O Brasil dos malandros que se vestem de raposas

por Sérgio Trindade foi publicado em 11.ago.17

Há um equívoco primário, quase juvenil, naqueles que supõem que o confronto de rua possa dobrar a espinha dorsal de um governo talhado na contramão da opinião pública. A oposição ruidosa não comove o Planalto. Michel Temer e seu séquito não se pautam por protestos e decibéis. A impopularidade, convenhamos, nunca assustou o Presidente; ele assumiu a cadeira com a certeza de que a simpatia popular era um luxo que não teria – e cada dia tem menos.

A missão, ainda que inglória, foi traçada com precisão cirúrgica: executar reformas estruturais, todas elas de rigorosa e indubitável necessidade para estancar a sangria fiscal. Para tanto, é preciso contar com o Congresso Nacional, essa câmara de espelhos que, sendo pilar da República, não raro move-se por interesses que de republicanos têm muito pouco ou nada.

O que move as engrenagens desse submundo, infelizmente tão familiar, é o vil metal. Temer, um expert que presidiu a Câmara por diversas vezes, e as raposas que o cercam – Padilha, Moreira Franco e outros mestres da realpolitik – são profundos conhecedores dessa mecânica. Falam o dialeto que o baixo clero compreende e precifica: aquele aforismo de Roberto Cardoso Alves, que se escorou em São Francisco de Assis para sentenciar que “É dando que se recebe”.

Quer as reformas aprovadas? Pague o preço. Quer a permanência no Palácio? O pagamento é a moeda. A negociação é clara: o governo entrega os anéis para salvar os dedos. Pagar significa liberar emendas orçamentárias com a discricionariedade de um emir, receber parlamentares em convescotes de pouca luz e perpetuar o clientelismo, tudo sob o olhar manso, quase bovino, de um cidadão brasileiro já anestesiado pelo escândalo.

O problema é que o tempo, senhor implacável, atropelou o Presidente.
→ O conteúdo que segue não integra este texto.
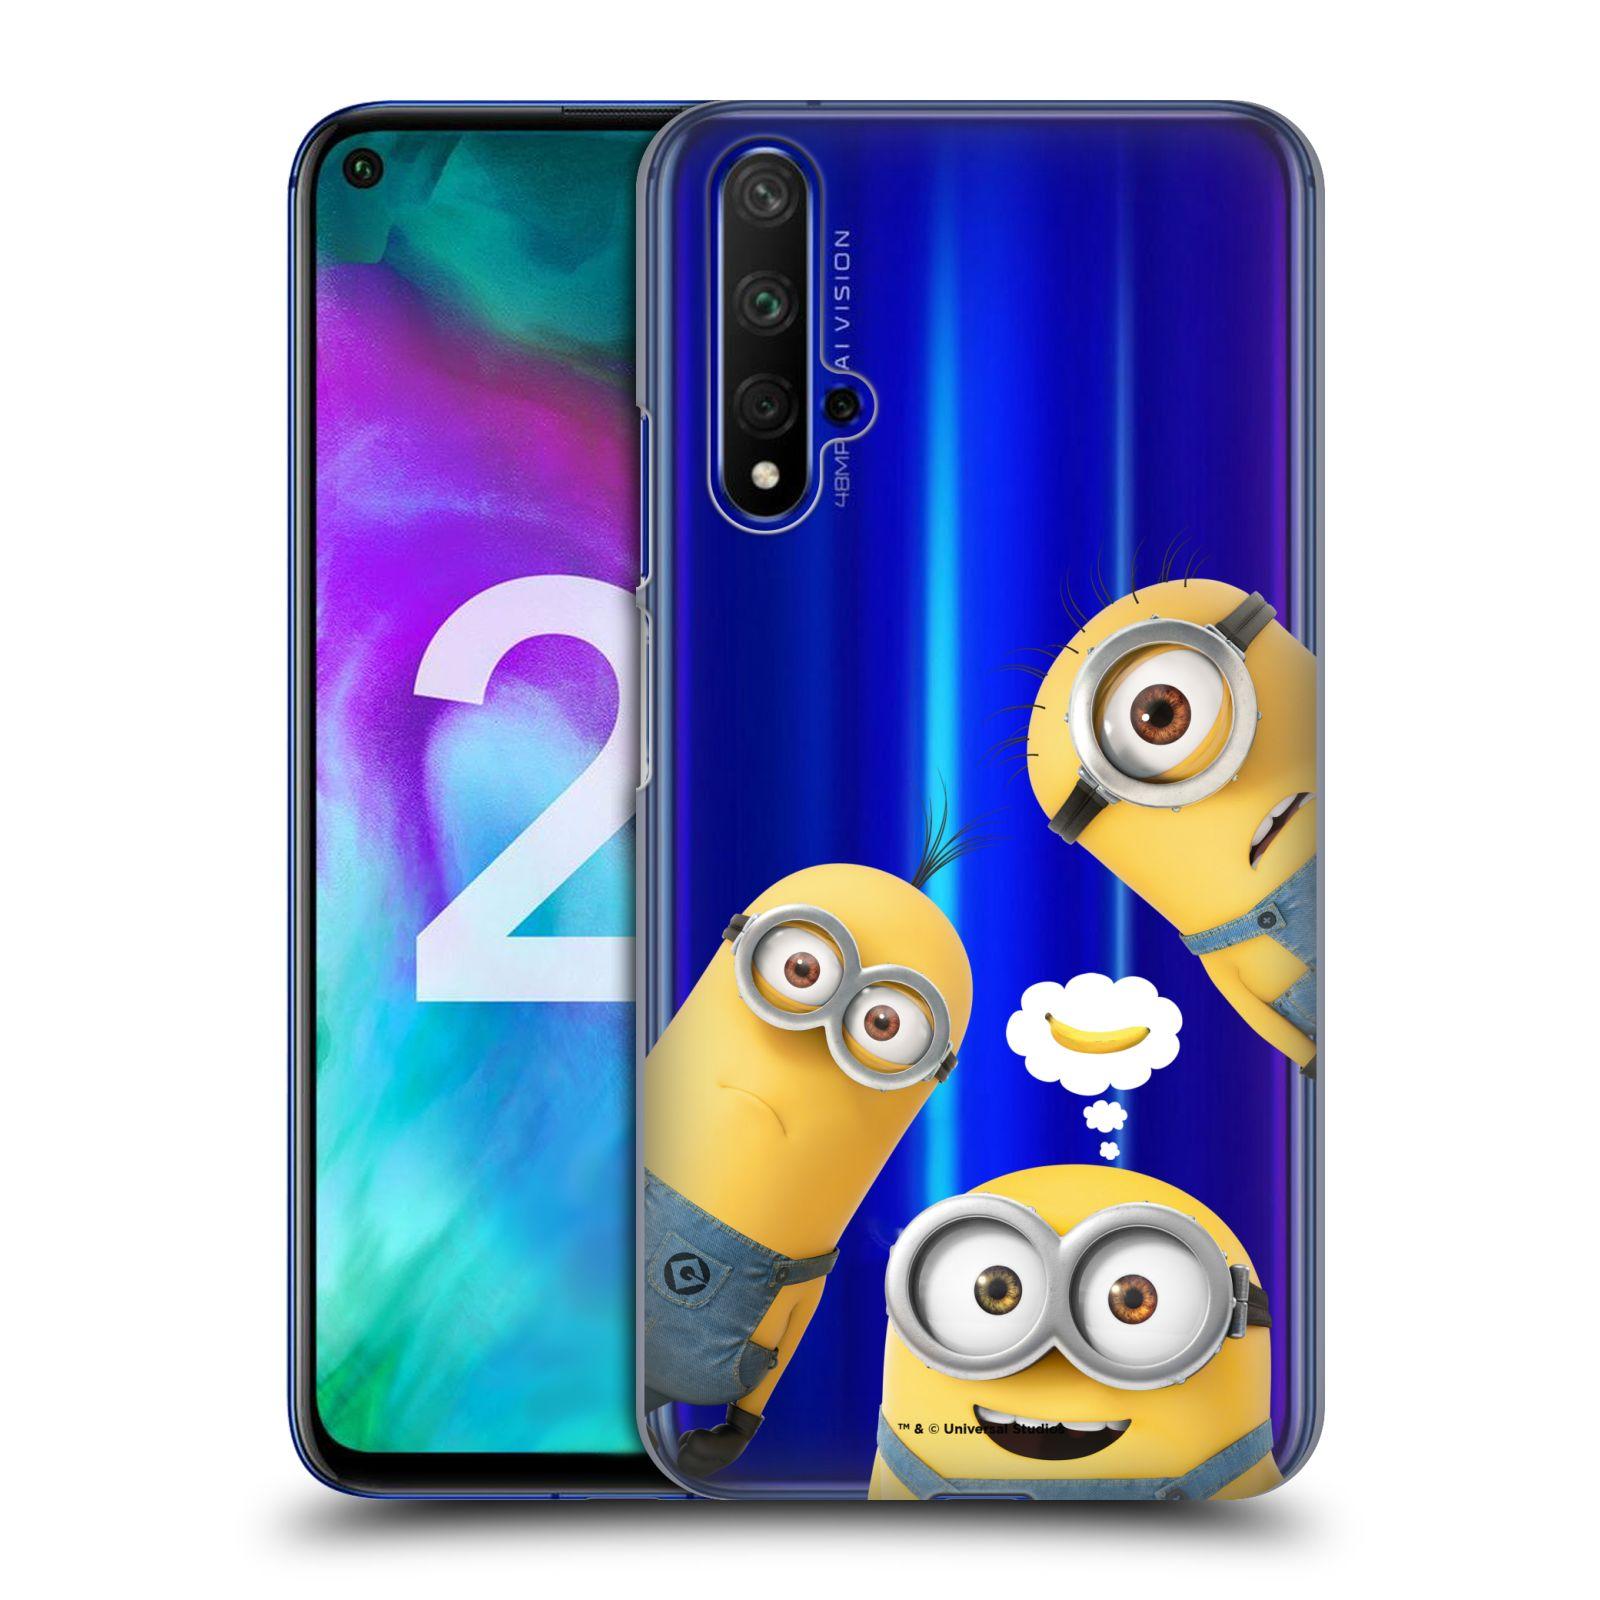 Plastové pouzdro na mobil Honor 20 - Head Case - Mimoni Banana z filmu Já, padouch - Despicable Me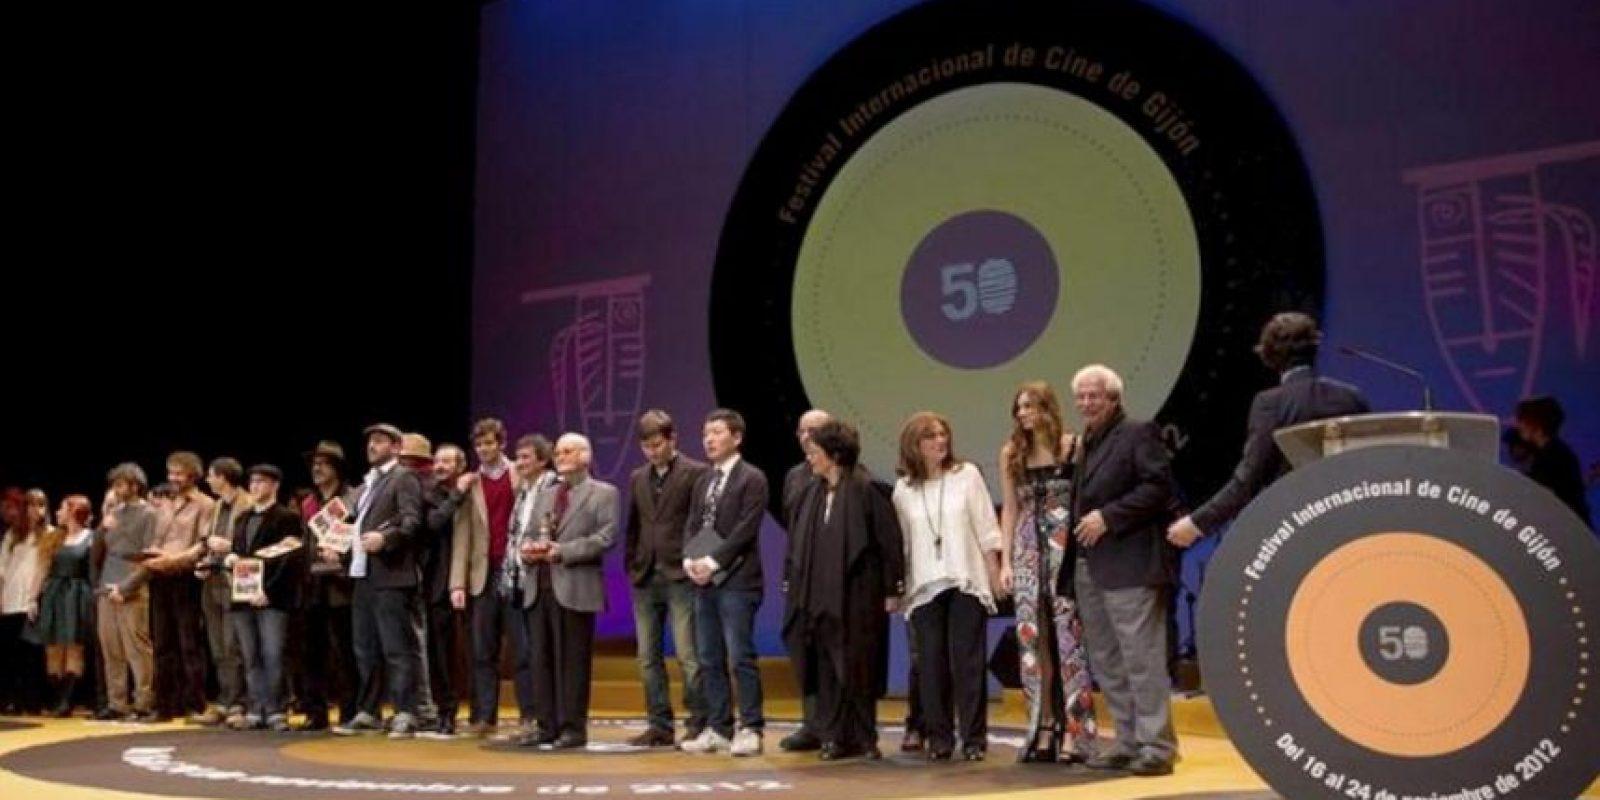 Foto de familia de todos los premiados en la 50 edición del Festival Internacional de Cine de Gijón, que se celebró en el teatro de la Universidad Laboral de la ciudad asturiana. EFE

As reformas, que deveriam ser a bala de prata, perderam a velocidade inicial. A razão é simples e dramática: o governo mobilizou, e continua a mobilizar, todas as suas energias para barrar as investigações que se avolumam em torno do Planalto e das suas adjacências.

Com o passo lento das reformas, o Orçamento da União, que já nascera com um déficit estratosférico, está sendo devorado pela fome voraz daqueles que são mimoseados pela caneta federal. O risco é real e iminente: o estouro fiscal, que pode levar o país a um perigoso quadro de insolvência.

A contabilidade é cruel e só oferece duas saídas: diminuir os gastos ou aumentar as receitas. A segunda implica em mais impostos, algo indefensável diante da carga tributária já escorchante e da contrapartida estatal pífia em serviços básicos.

Descartada a via tributária, resta a tesoura no gasto público. O governo já passou vorazmente pelo corte de investimentos e agora sonda a possibilidade de congelar salários de servidores federais. A medida é, contabilmente, eficaz. A questão moral e política é insuperável.

Como justificar tamanha austeridade quando o Congresso Nacional acaba de patrocinar um fundo eleitoral de R$ 3,6 bilhões para partidos? Como impor sacrifícios quando o Ministério Público se autoconcede aumentos e os Poderes Legislativo e Judiciário chafurdam em benefícios que, aos olhos de qualquer pessoa de bom senso, não passam de abuso, enquanto escolas e hospitais agonizam por falta de recursos?

Tom Jobim tinha razão: “O Brasil não é para amadores”. E o Brasil que amadores não explicam tem sido, paradoxalmente, um espaço aberto para os malandros, com Temer à frente. Recentemente, um líder político argumentou a favor do financiamento público alegando que, sem o dinheiro privado, o Estado deveria pagar a conta. Na sua lógica torta, a democracia é cara. Não é a democracia, no entanto, que custa caro aqui; custosos são os políticos.

Chegou a hora de despertar o monstro, como Juscelino Kubitschek se referia à opinião pública. Não basta o protesto contra o executivo. A pauta tem de mirar onde o poder realmente reside: o Congresso. É contra ele que a rua deve marchar, exigindo o fim das regalias, das mordomias, das mamatas e, sobretudo, do obsceno Fundo Partidário.